CrossCatState ──pack_state()──▸ PackedCrossCatState ──packed_gibbs_sweep()──▸ ... ──unpack_state()──▸ CrossCatState
(Python) (JAX arrays, JIT) (query-friendly)
See Architecture Docs for deep dives into the model, kernels, and JAX patterns.
crosscat/ # Core library
├── types.py # Dataclasses: CrossCatState, ViewState, ColumnType
├── components.py # 5 Bayesian component models (conjugate + grid)
├── model.py # Initialization, scoring, row insertion
├── gibbs.py # Collapsed Gibbs MCMC kernels (unpacked)
├── inference.py # 15 posterior predictive queries (unpacked path)
├── packed/ # JIT-compiled packed state sub-package
│ ├── state.py # Pack/unpack, batching, multi-chain
│ ├── components.py # Unified type-dispatched scoring
│ ├── kernels.py # Vectorized Gibbs kernels (vmap + lax.scan)
│ ├── suffstats.py # Batched sufficient statistics
│ └── aot_cache.py # XLA persistent compilation cache
├── packed_inference.py # 16 packed + 16 batch + 9 multi-chain query functions (41 total)

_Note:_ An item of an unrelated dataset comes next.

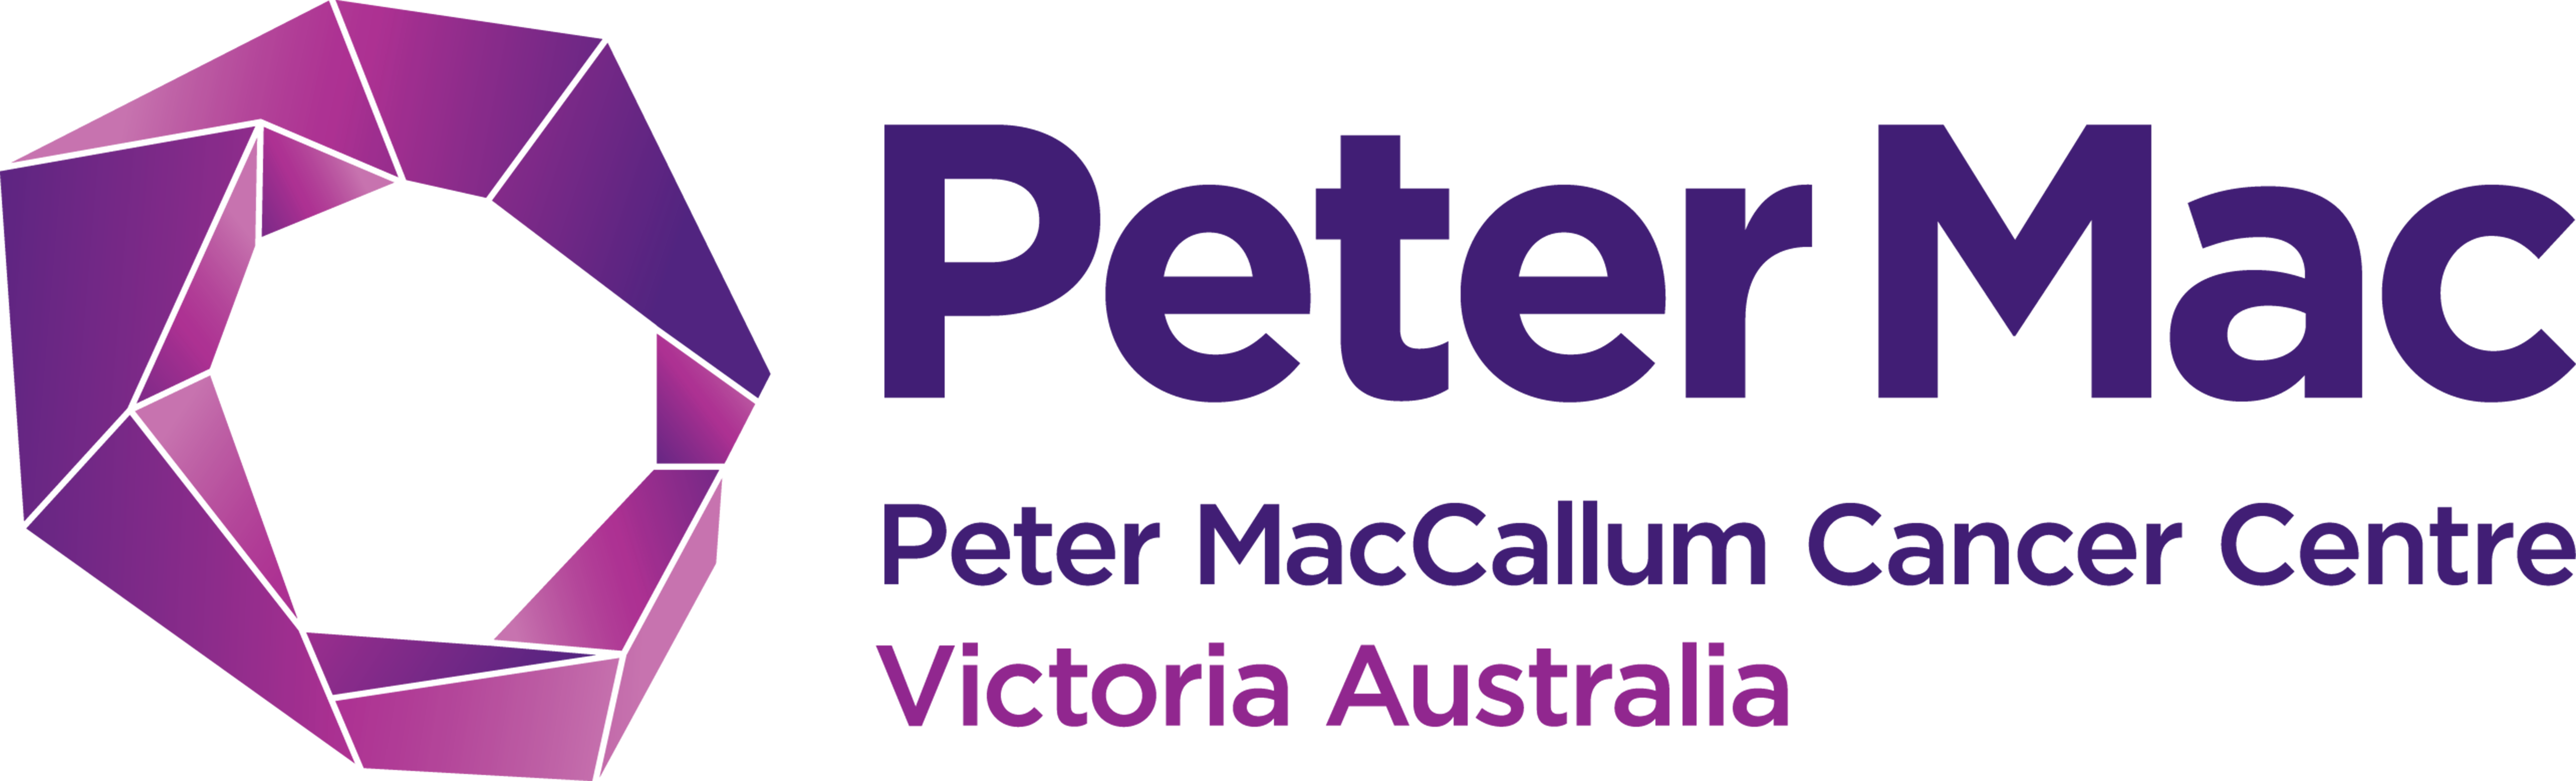 PMCC logo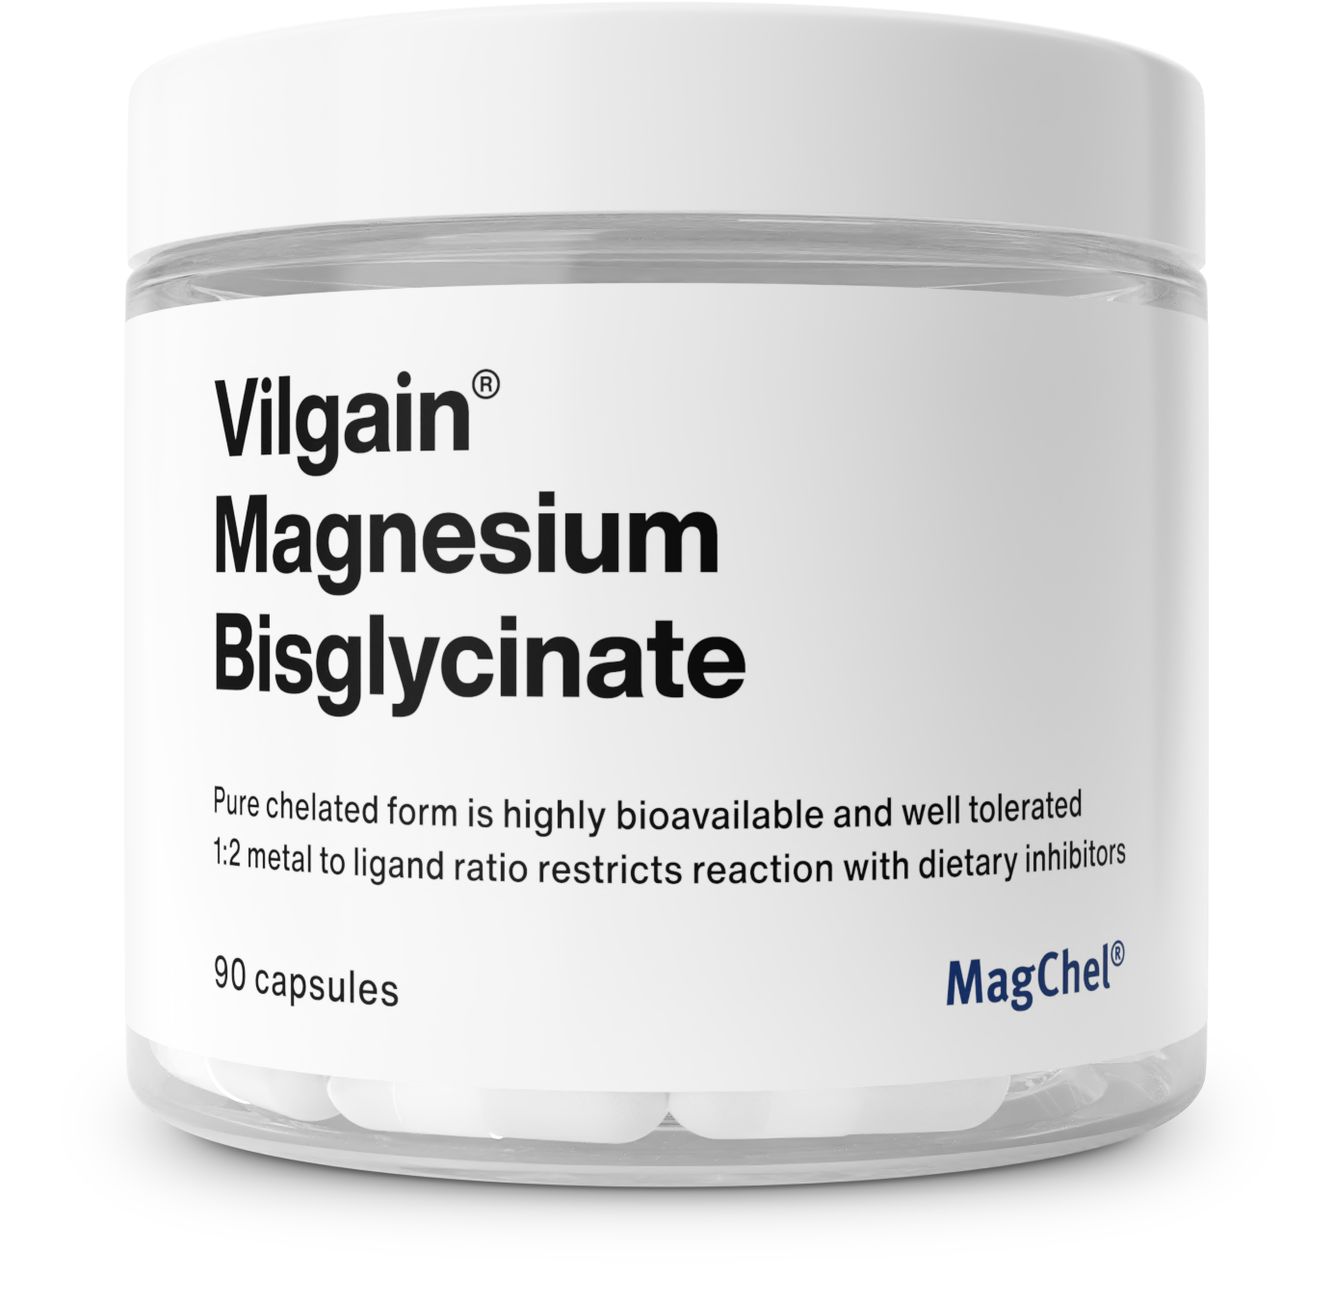 Vilgain Magnesium Bisglycinat

├── constraints.py # Column/row dependency enforcement
├── diagnostics.py # ARI, log-joint, held-out likelihood
├── serialization.py # Save/load in .jxc format
├── synthetic.py # Synthetic data generation
├── data_utils.py # CSV I/O, type detection
├── scaling.py # Large dataset workflows (subsample, minibatch, early stopping)

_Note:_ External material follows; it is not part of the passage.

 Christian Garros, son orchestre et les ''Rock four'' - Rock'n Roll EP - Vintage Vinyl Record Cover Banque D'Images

├── tb_logger.py # TensorBoard logging for inference monitoring
└── validate.py # State consistency checking
tests/ # 339 fast tests + 70 slow tests (409 total)

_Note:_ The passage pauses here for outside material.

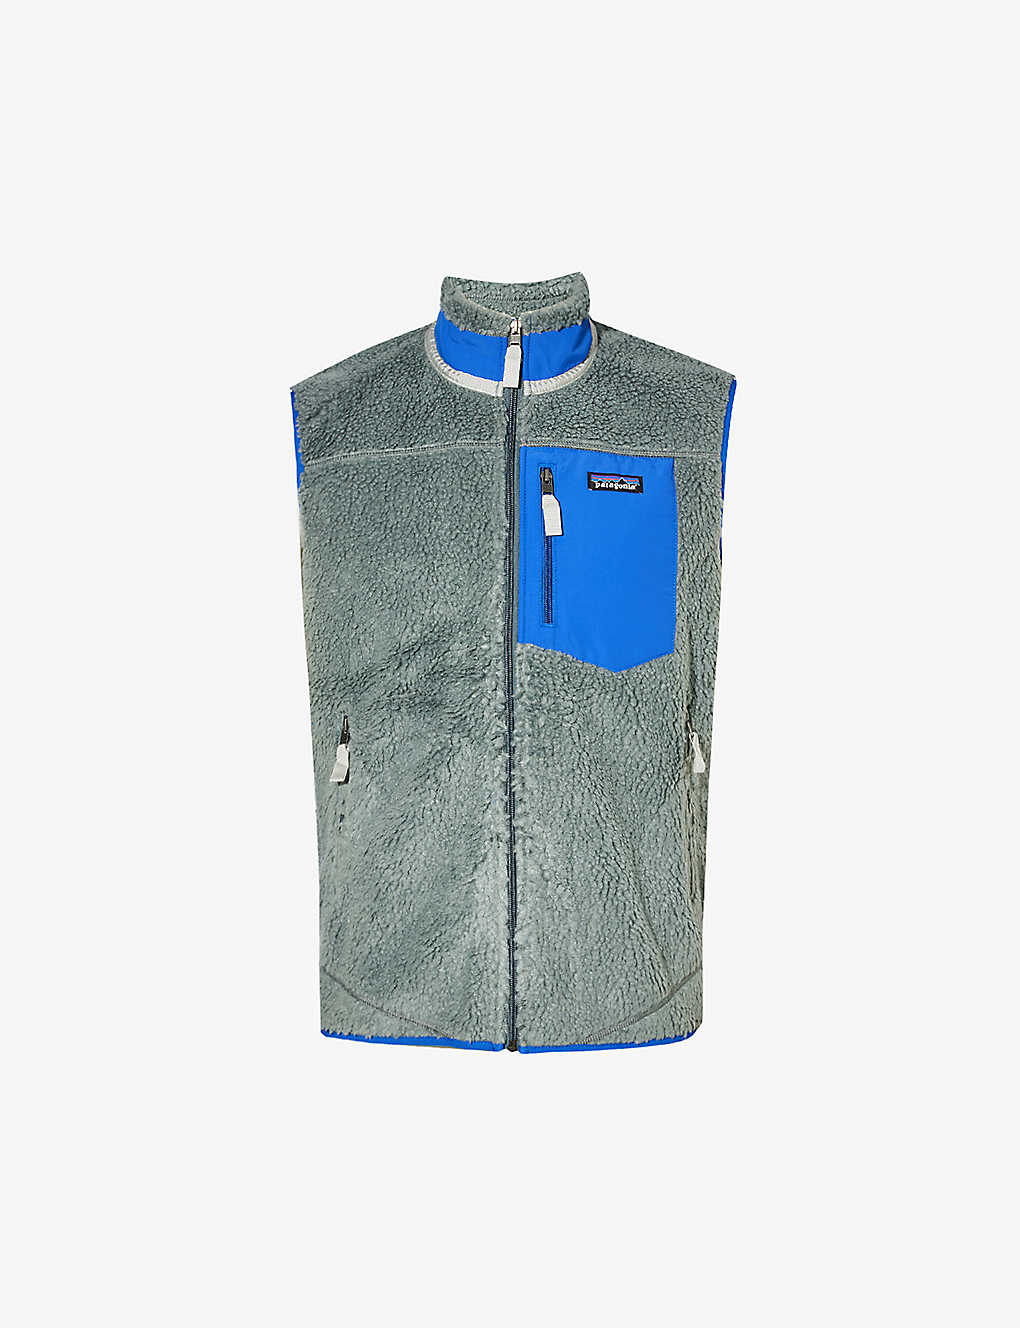 Shop Patagonia Men's Nouveau Green Classic Retro-x Contrast-patch Fleece Vest

notebooks/ # Interactive tutorials and test runners
benchmarks/ # MNIST, WDI, synthetic, JIT benchmarks
dashboard/ # Streamlit interactive analysis UI
docs/ # MkDocs documentation site
examples/ # Example scripts (streaming inference)
contrib/ # Community contributions (fingerprinting)
paper/ # Research paper materials
| Resource | Description |
|---|---|
| Interactive Tutorial | Hands-on notebook: data generation, inference, 7 query types |
| Getting Started | Installation, quickstart, core concepts |
| Feature Guides | Deep dives into every capability |
| Query Guides | Dedicated guides for each query type |
| API Reference | Complete function documentation (134 exported symbols across 18 modules) |
| Architecture | Internal design, JAX patterns, performance |
| Benchmarks | MNIST, synthetic recovery, JIT timing |
| Full Docs Site | Searchable hosted documentation |
| Example | Colab | Description |
|---|---|---|
| MNIST Benchmark | Reproduce Section 3.2 of the JMLR paper — pixel dependence, inpainting, classification | |
| WDI Macroeconomics | Real-world GDP, trade, and population data — structure discovery in economics (gold-standard workflow reference) | |
| Intro Tutorial | End-to-end walkthrough: synthetic data, inference, 7 query types |
uv run pytest # Run tests (recommend GPU/Colab)
uv run pytest -m "not slow" # Fast tests only
uv run ruff check . && uv run ruff format . # Lint & format- GitHub Discussions — Questions, ideas, show & tell
- Issue Tracker — Bug reports and feature requests
- Contributing Guide — How to contribute
- Code of Conduct — Our community standards
- Security Policy — How to report vulnerabilities
If you use jax-crosscat in your research, please cite the original CrossCat paper:
@article{mansinghka2016crosscat,
title={CrossCat: A Fully Bayesian Nonparametric Method for Analyzing
Heterogeneous, High Dimensional Data},
author={Mansinghka, Vikash and Shafto, Patrick and Jonas, Eric and
Petschulat, Cap and Gasner, Max and Tenenbaum, Joshua B},
journal={Journal of Machine Learning Research},
volume={17},
number={138},
pages={1--49},
year={2016}
}Business Source License 1.1 — free for non-production use (research, education, evaluation, benchmarking). Production use requires a commercial license. Converts to Apache 2.0 on 2030-04-01.